▶ _Task requirements_: Repeat the following data exactly, omitting pictures.

▶ _Recorded information_:
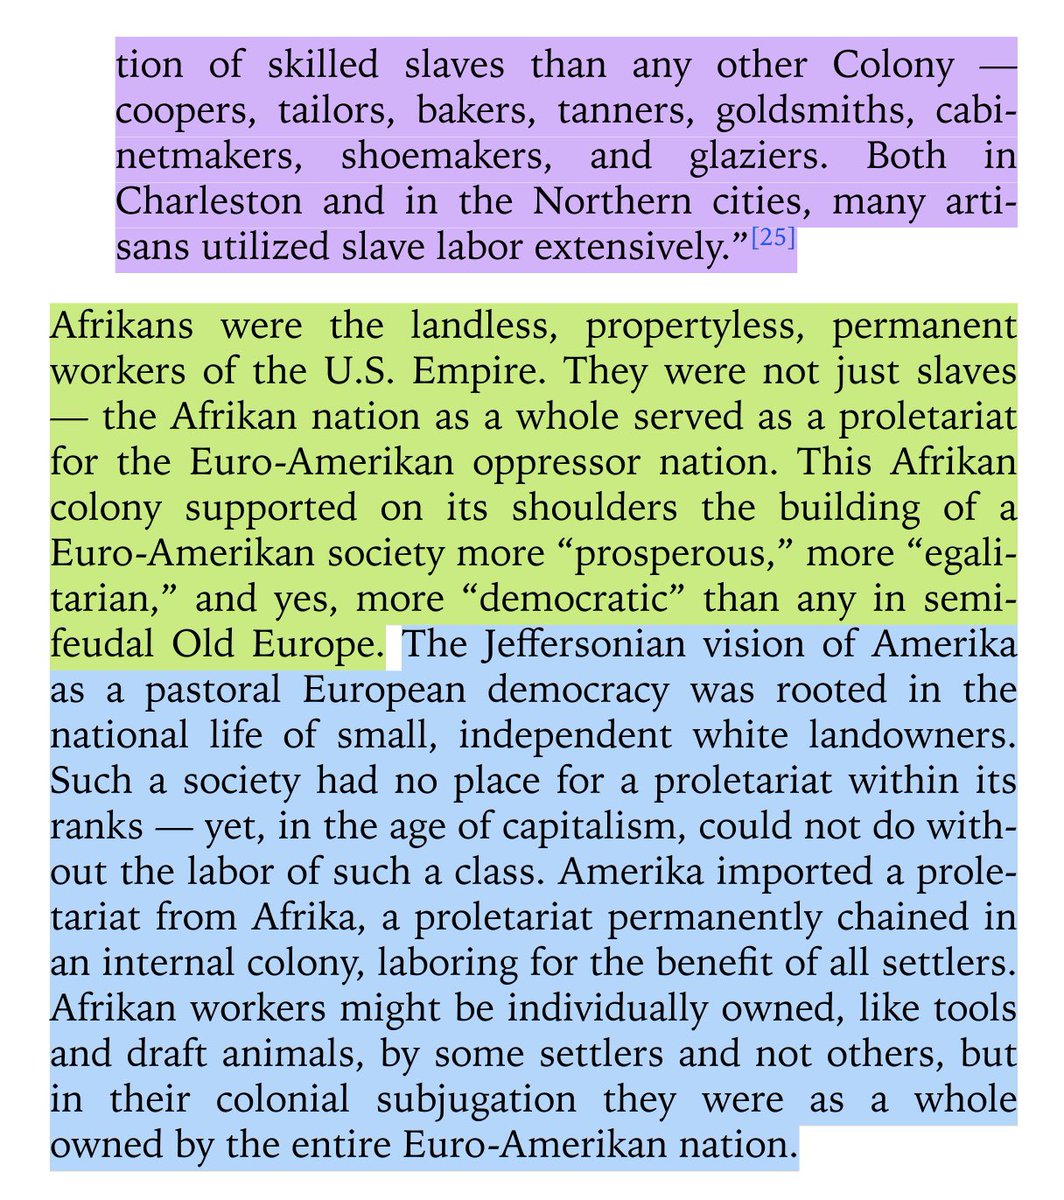 “afrikans were the landless, propertyless, permanent workers of the U.S. Empire. they were not just slaves — the afrikan nation as a whole served as a proletariat for the euro-amerikan oppressor nation.“—j. sakai,  http://readsettlers.org 
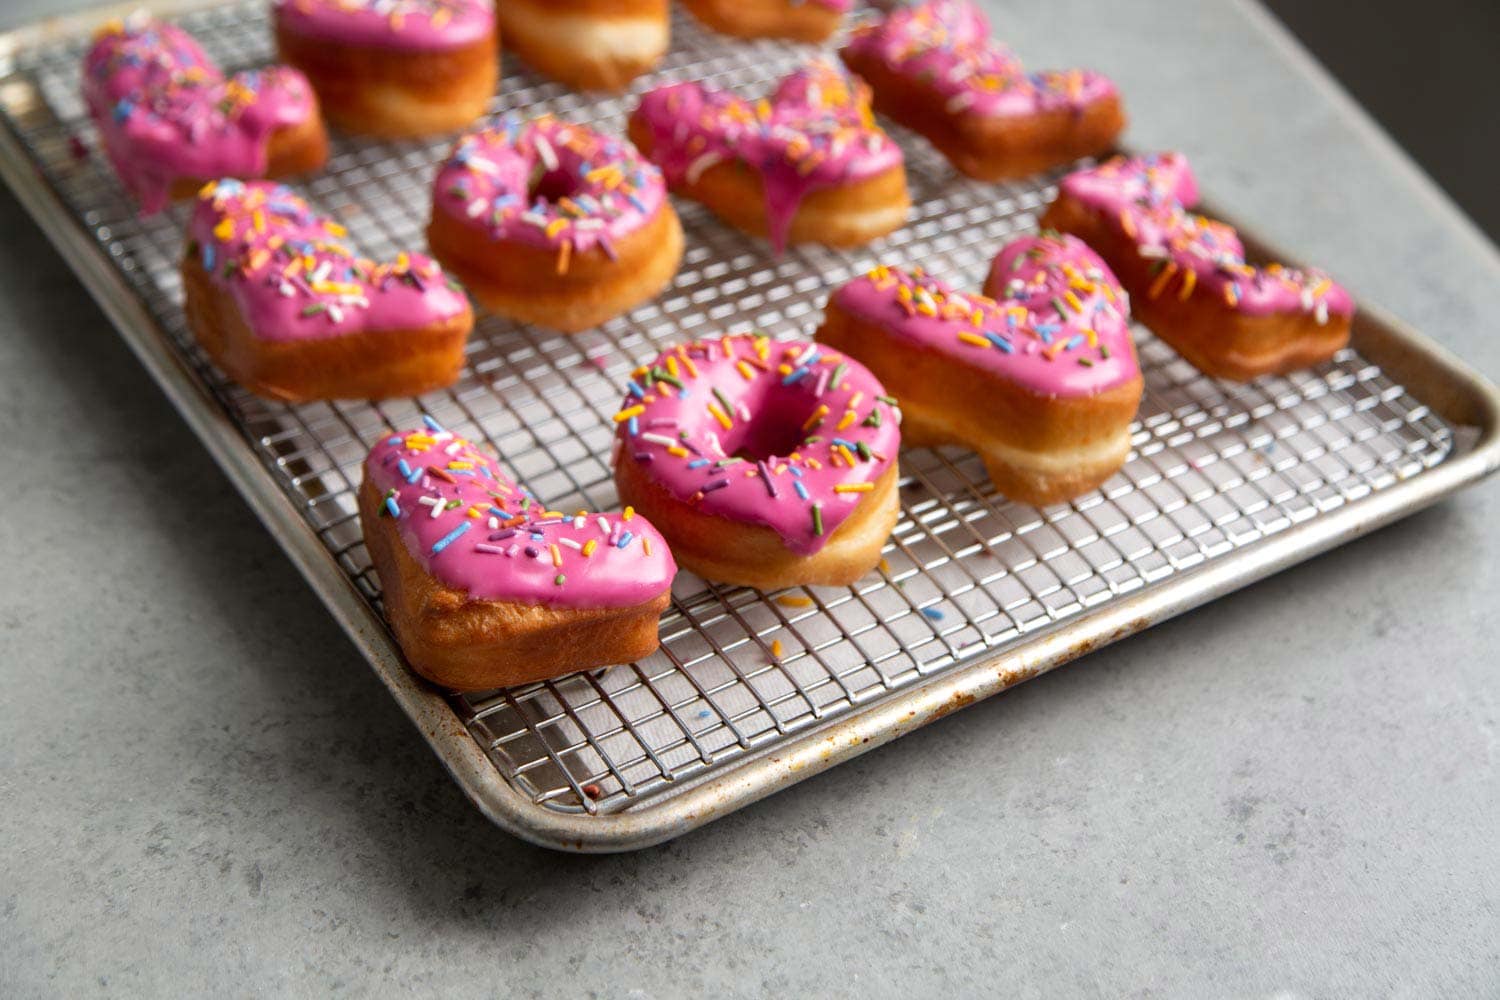 Yeast donuts dipped in pink glaze naturally colored with beet powder
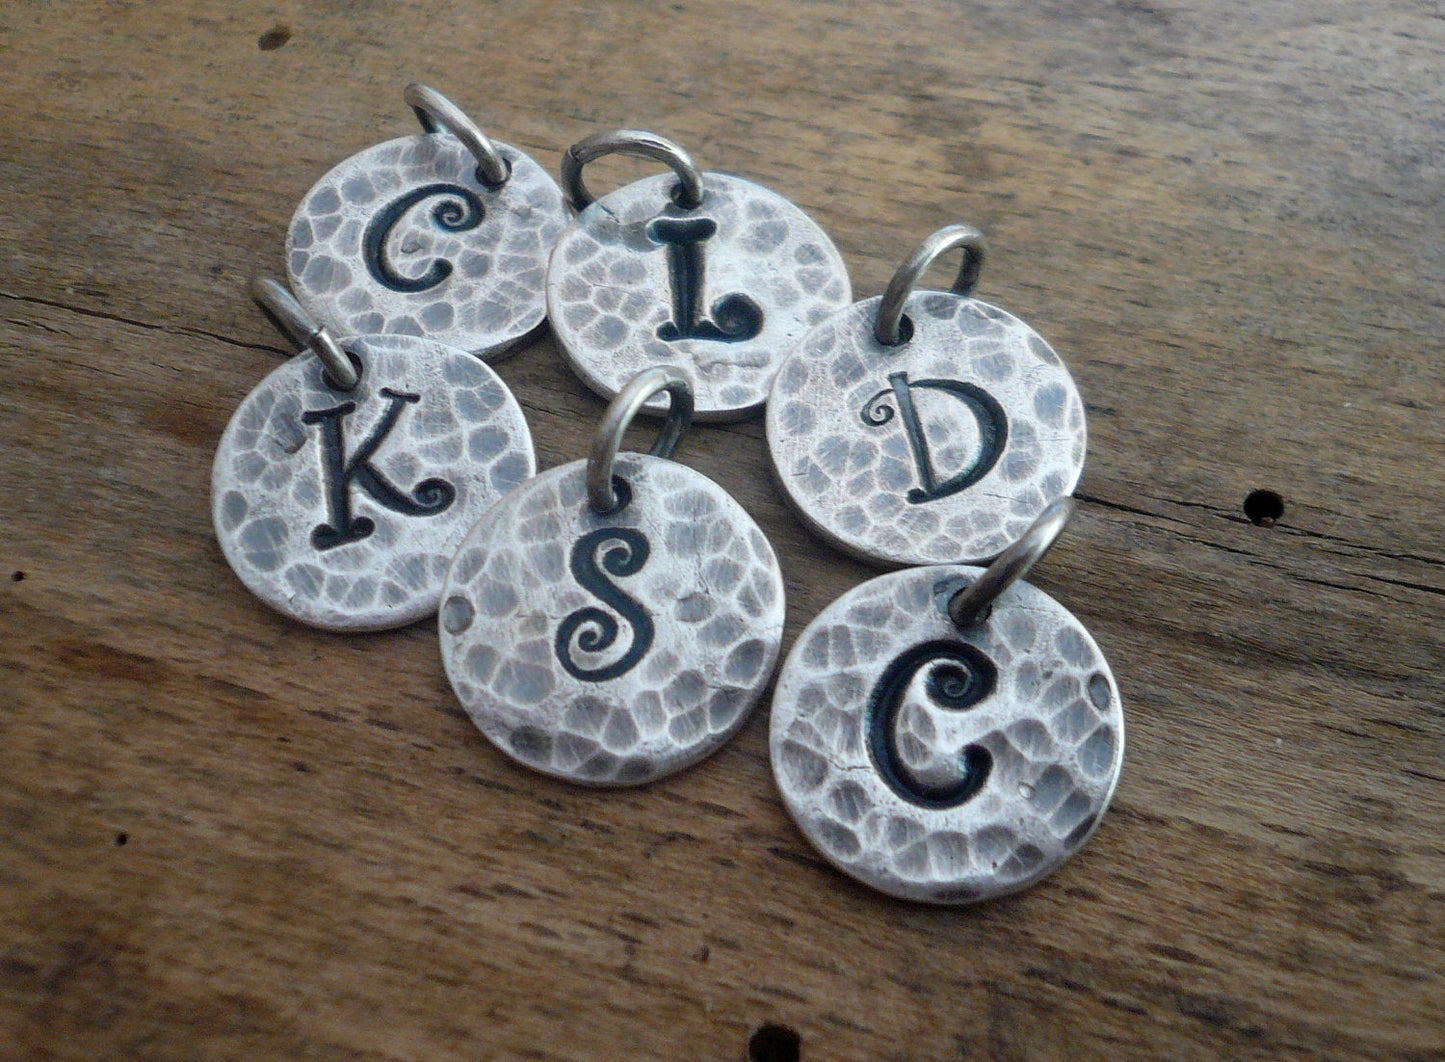 Hammered Initial Pendant Upper Case- Handmade. Personalized. Oxidized Fine Silver

▶ _Response to this exercise_:
 “afrikans were the landless, propertyless, permanent workers of the U.S. Empire. they were not just slaves — the afrikan nation as a whole served as a proletariat for the euro-amerikan oppressor nation.“—j. sakai,  http://readsettlers.org 
 Yeast donuts dipped in pink glaze naturally colored with beet powder
 Hammered Initial Pendant Upper Case- Handmade. Personalized. Oxidized Fine Silver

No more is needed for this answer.